**PROVIDED INFORMATION:**

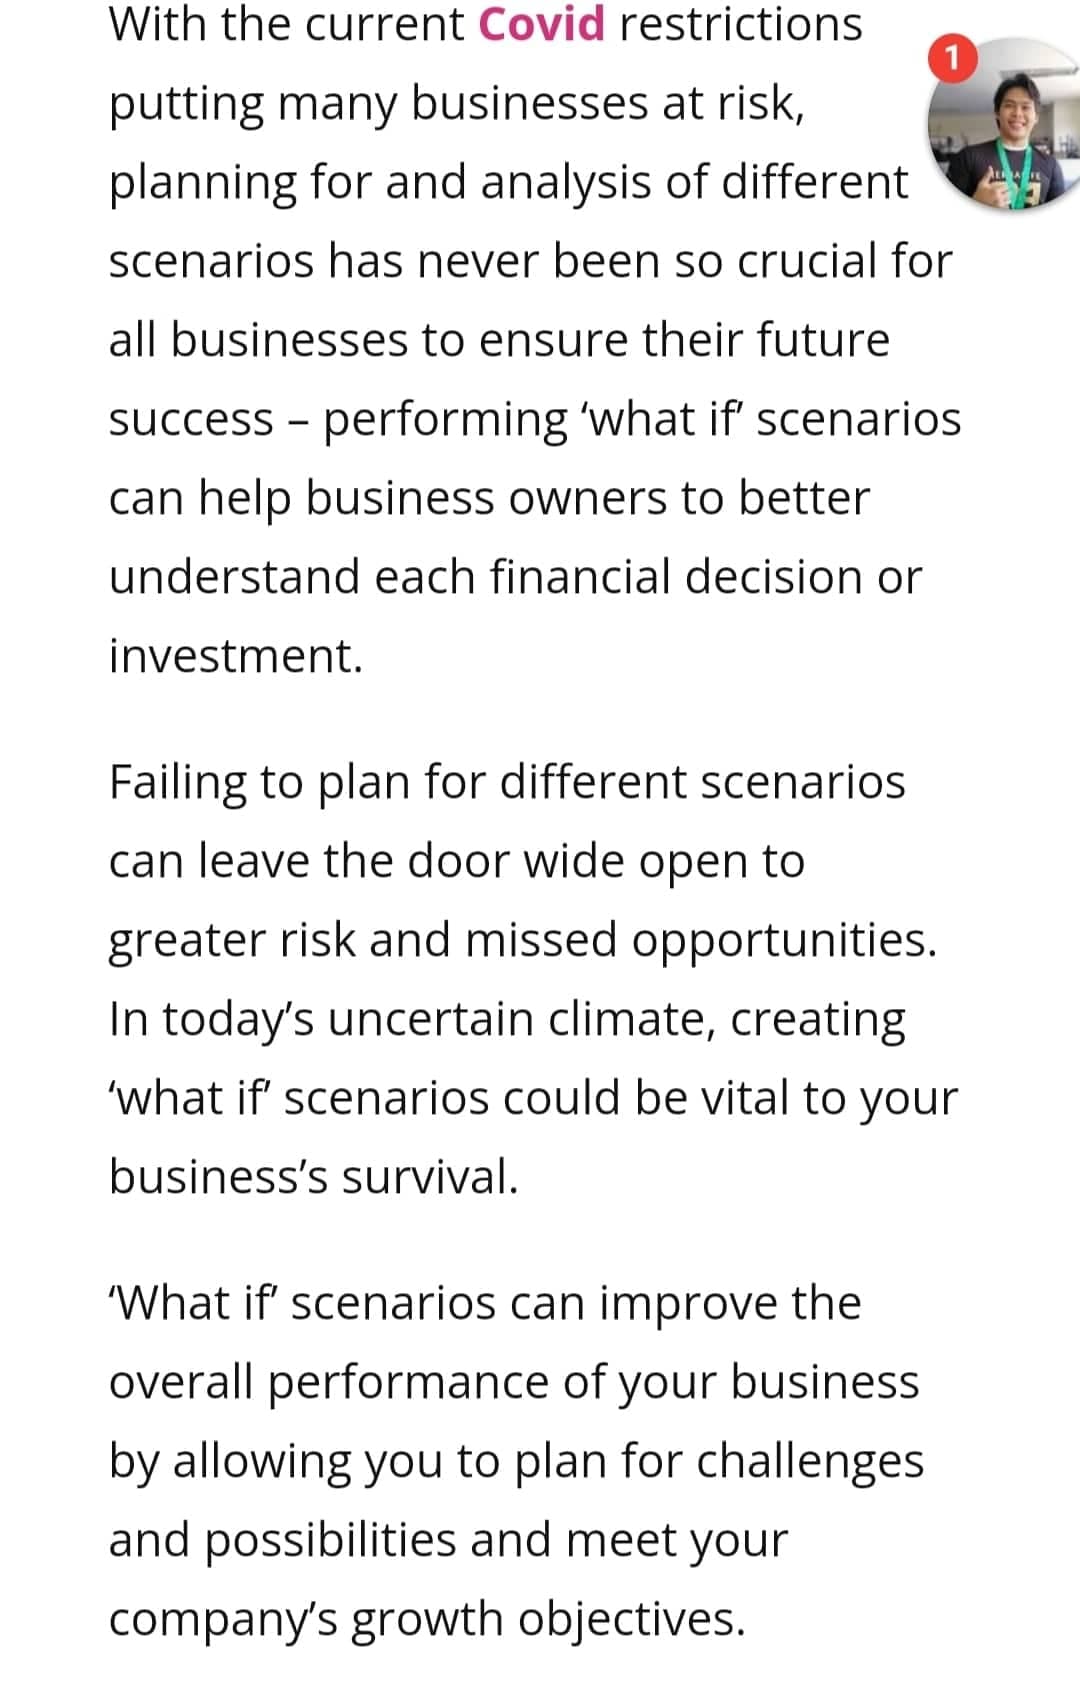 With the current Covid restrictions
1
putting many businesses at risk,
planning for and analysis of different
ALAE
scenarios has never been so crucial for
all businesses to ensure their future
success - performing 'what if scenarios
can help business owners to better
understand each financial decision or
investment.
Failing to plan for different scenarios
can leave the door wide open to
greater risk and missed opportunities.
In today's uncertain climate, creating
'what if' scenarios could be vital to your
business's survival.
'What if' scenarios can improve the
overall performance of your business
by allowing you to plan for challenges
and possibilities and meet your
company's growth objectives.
* * *
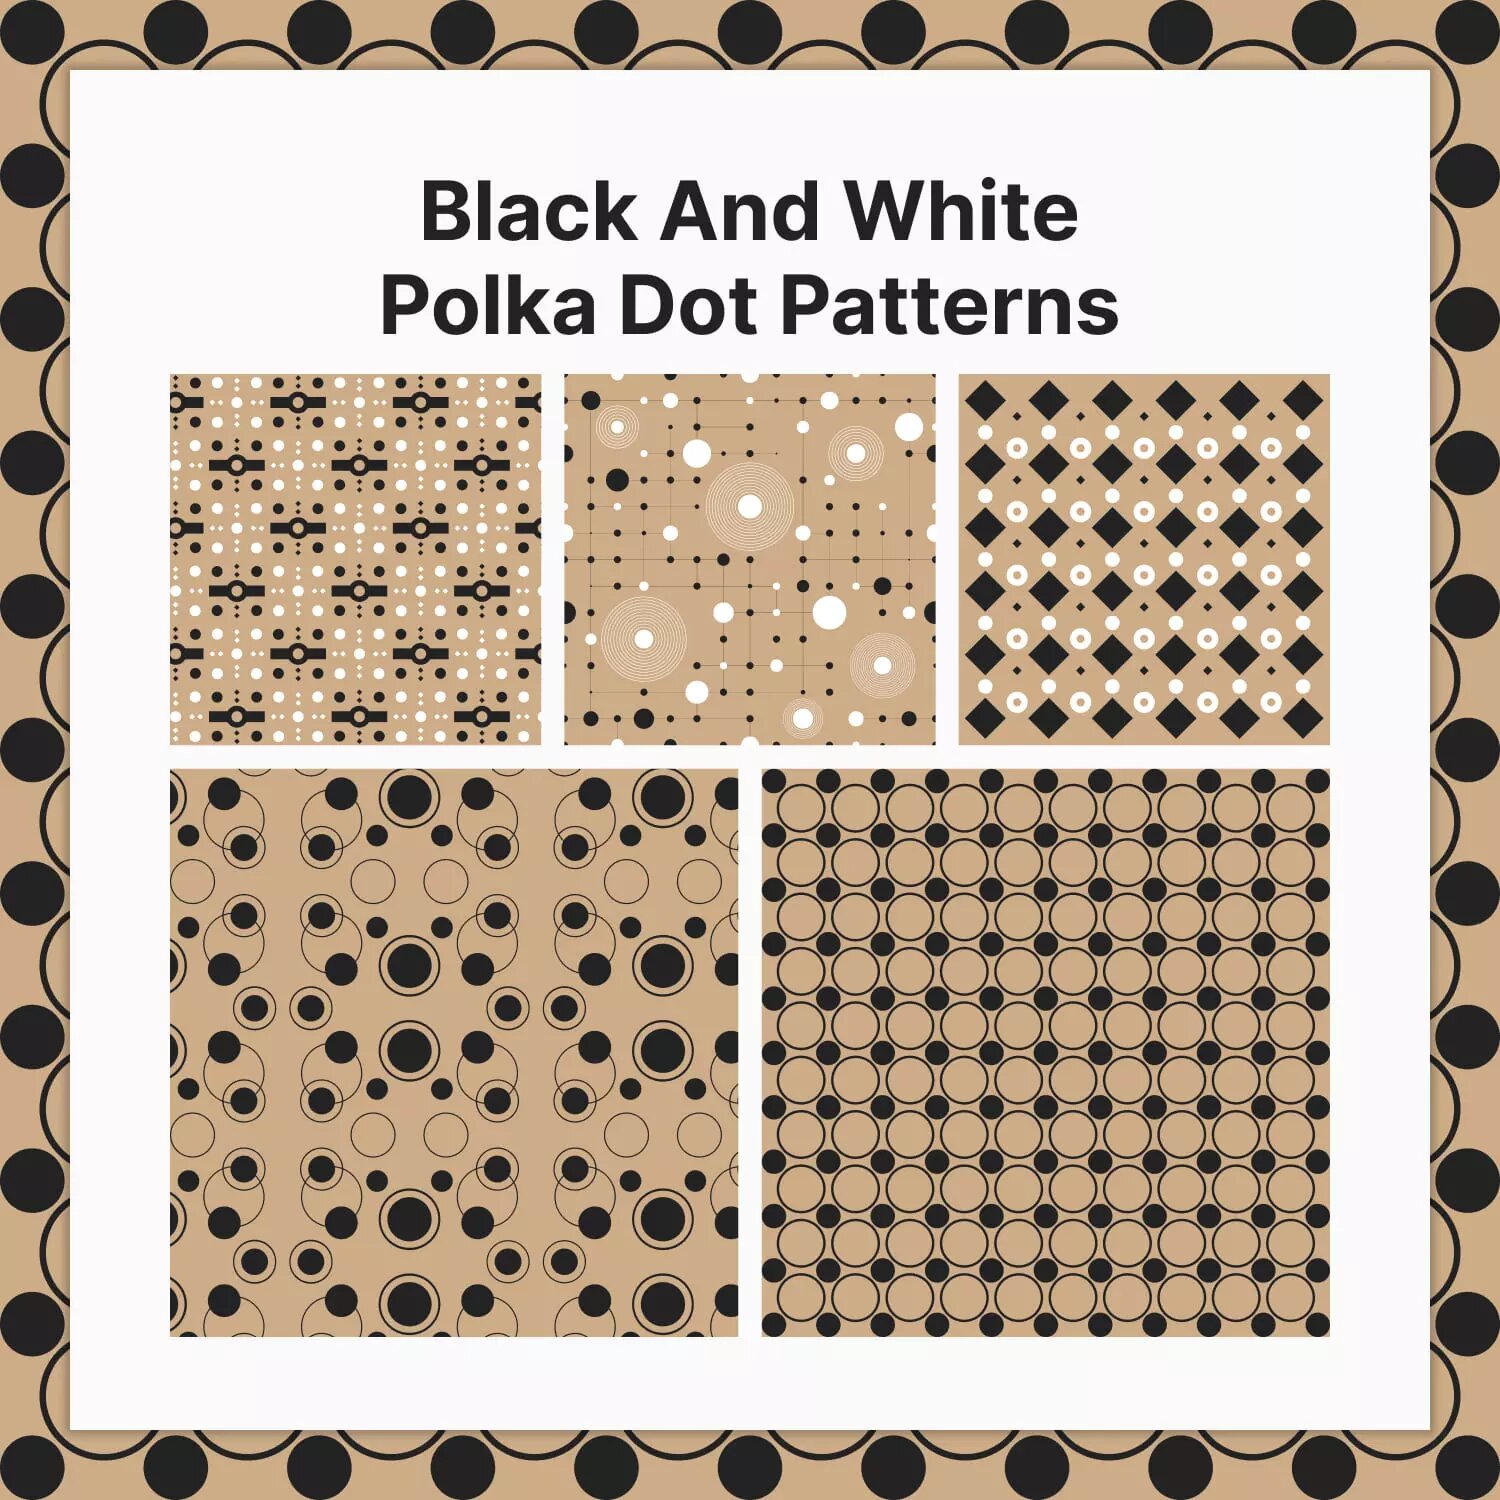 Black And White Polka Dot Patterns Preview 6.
* * *
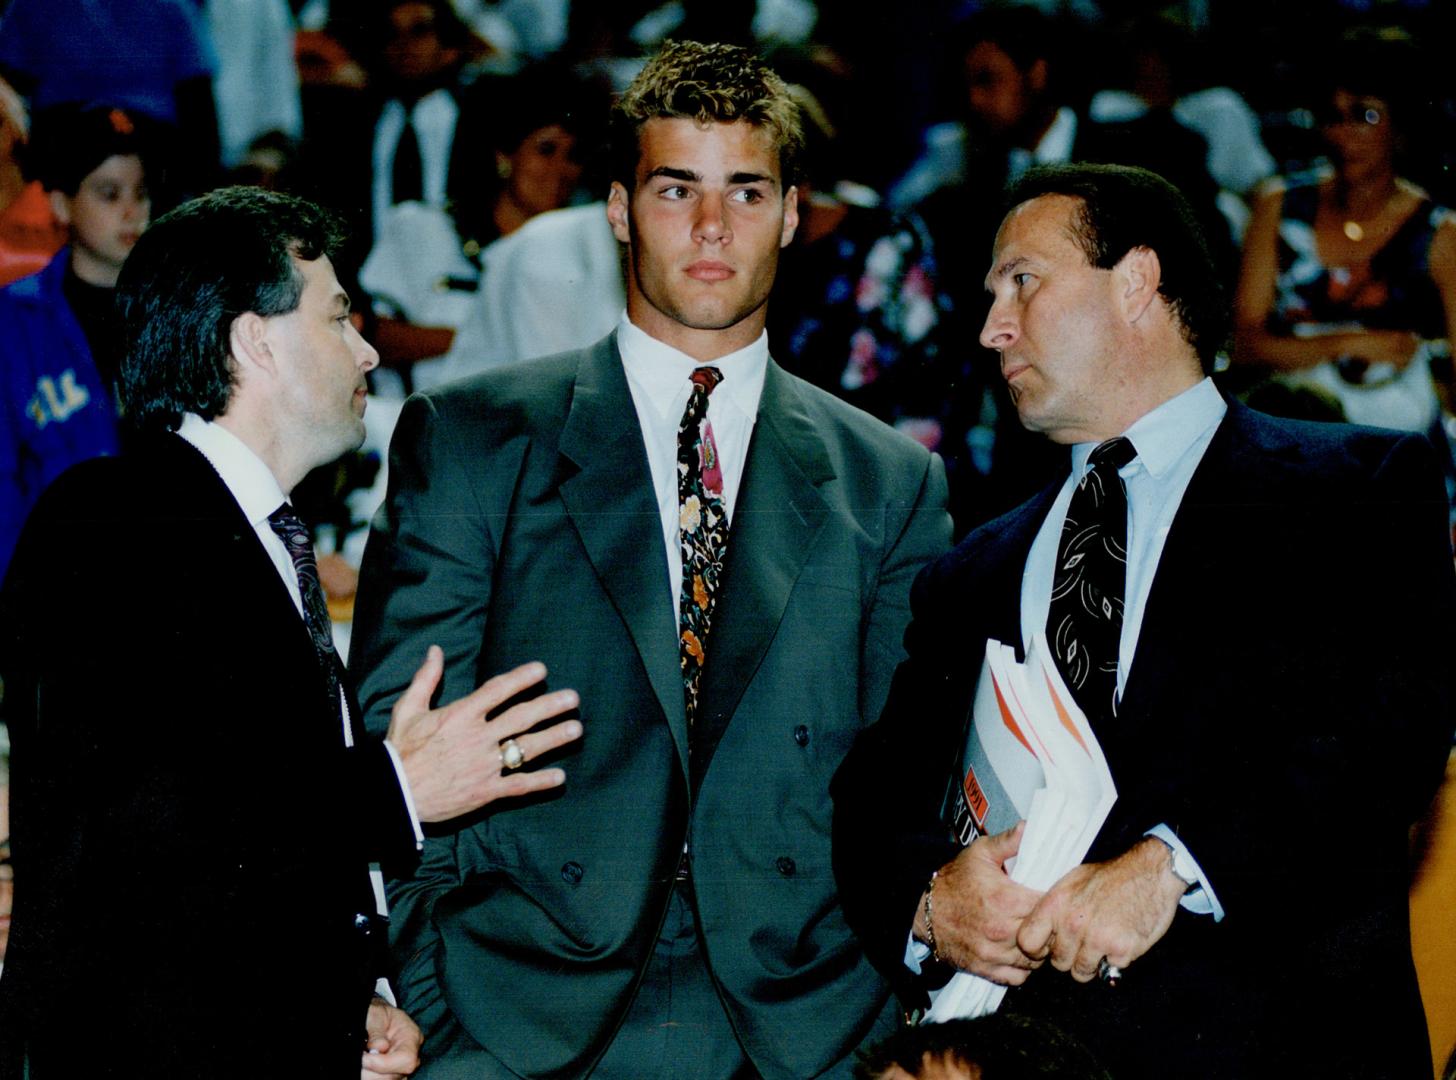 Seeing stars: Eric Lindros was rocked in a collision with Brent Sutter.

**TASK OBJECTIVE:** Leaving out each picture, repeat exactly the lines above from the one that contains "With the current Covid restrictions" through the one that contains "success - performing 'what if scenarios".

**SOLUTION TO THIS TASK:**
 With the current Covid restrictions
1
putting many businesses at risk,
planning for and analysis of different
ALAE
scenarios has never been so crucial for
all businesses to ensure their future
success - performing 'what if scenarios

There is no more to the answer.